- Promotional graphic

Song by SB19

from the EP Simula at Wakas
- Language: Filipino
- Released: April 25, 2025
- Genre: Pop;
- Length: 3:35
- Label: Sony Philippines
- Songwriter: John Paulo Nase
- Producers: John Paulo Nase; Joshua Daniel Nase;

Music video
- "Dungka!" on YouTube

= Dungka! =

"Dungka!" (stylized in all uppercase) is a song recorded by the Filipino boy band SB19 for their third extended play (EP), Simula at Wakas (2025). The band's leader, Pablo, wrote the song and co-produced it with his brother Joshua Daniel Nase. It is an pop diss track aimed at haters, with lyrics demanding them to leave, uttering the phrase "doon ka" (lit. 'go over there'). "Dungka!" is listed as the sixth track on the EP, which Sony Music Philippines released on April 25, 2025.

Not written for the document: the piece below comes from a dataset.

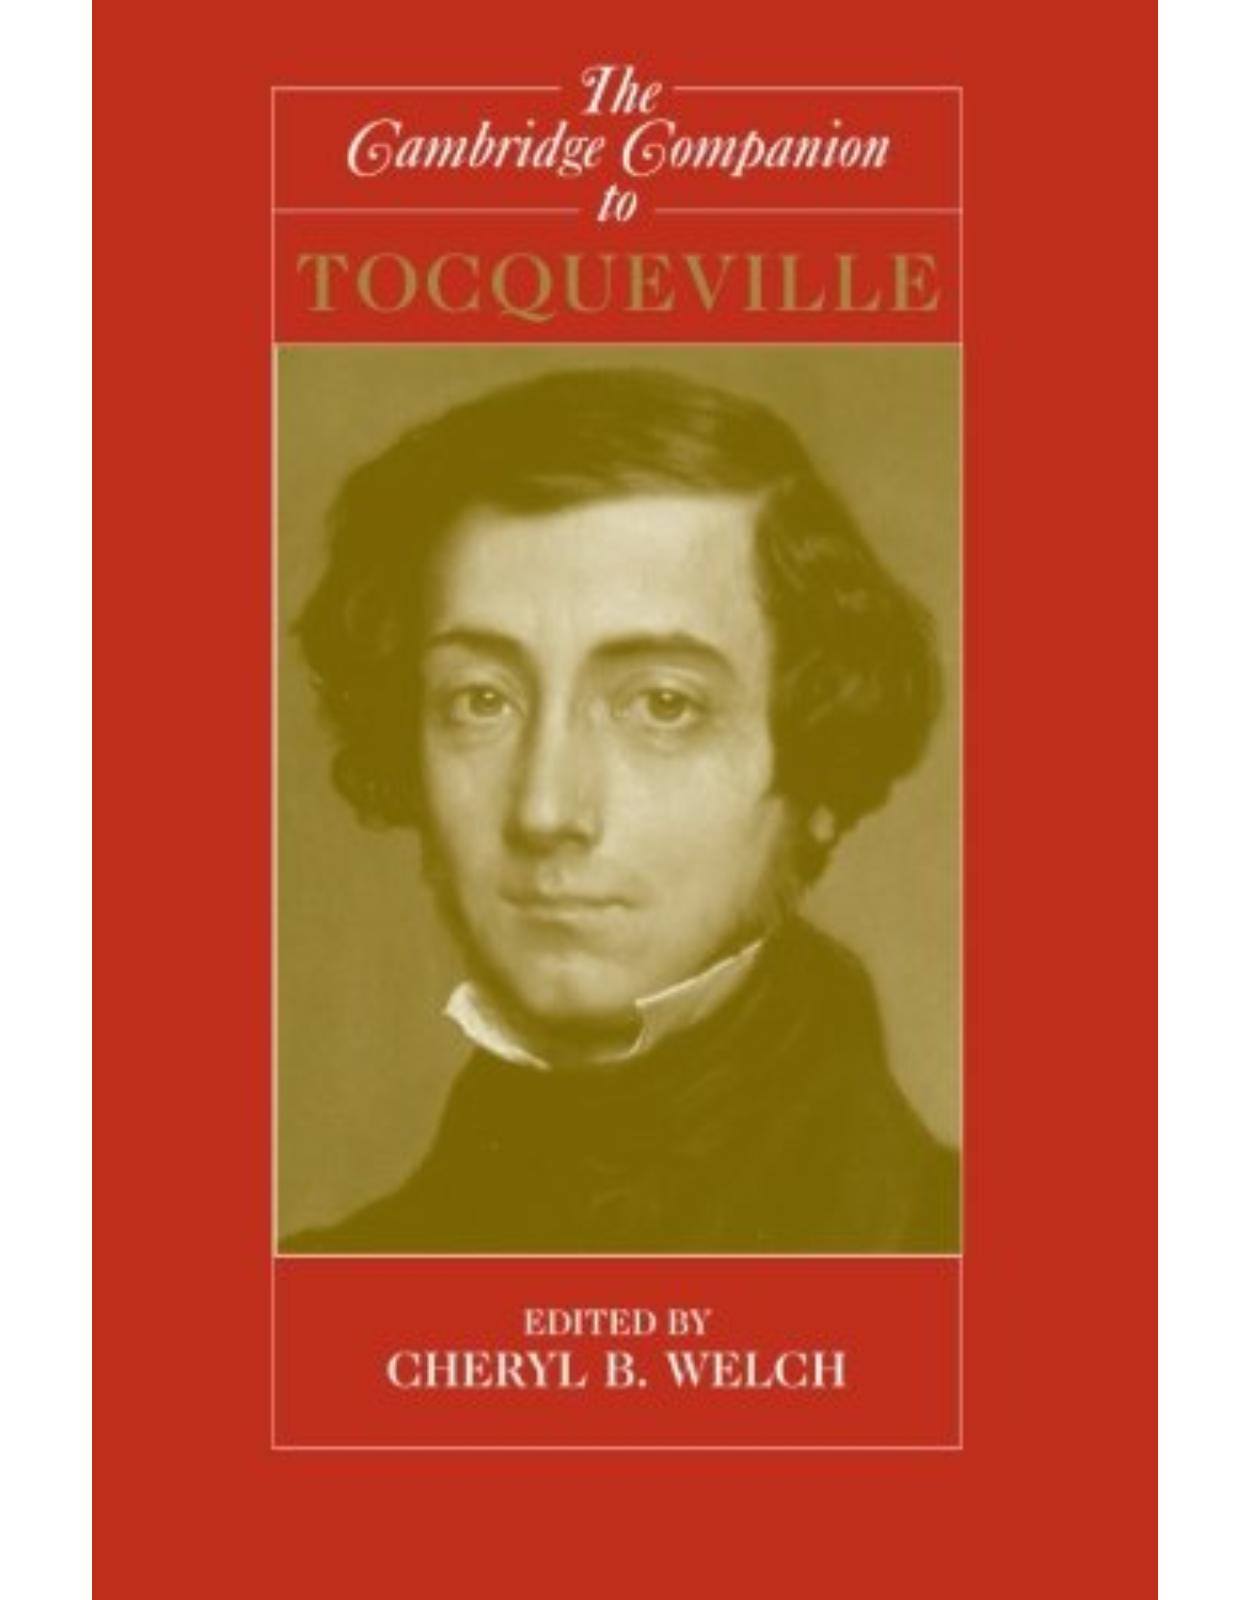 The Cambridge Companion to Tocqueville (Cambridge Companions to Philosophy)

"Dungka!" received favorable reviews from music critics, who complimented Pablo's songwriting and his use of wordplay. The song was an entry to record charts; it peaked at number 21 on the Philippines Hot 100 and number 7 on Billboard's World Digital Song Sales. The accompanying music video, directed by Kerbs Balagtas, featured Filipino culture and depicted the band in the streets showing allegiance to their community while opposing an antagonist who threatened the locals. SB19 promoted the song with live performances and included it on the set list of their Simula at Wakas World Tour (2025). "Dungka!" received multiple accolades, including a Filipino Music Award for Pop Song of the Year.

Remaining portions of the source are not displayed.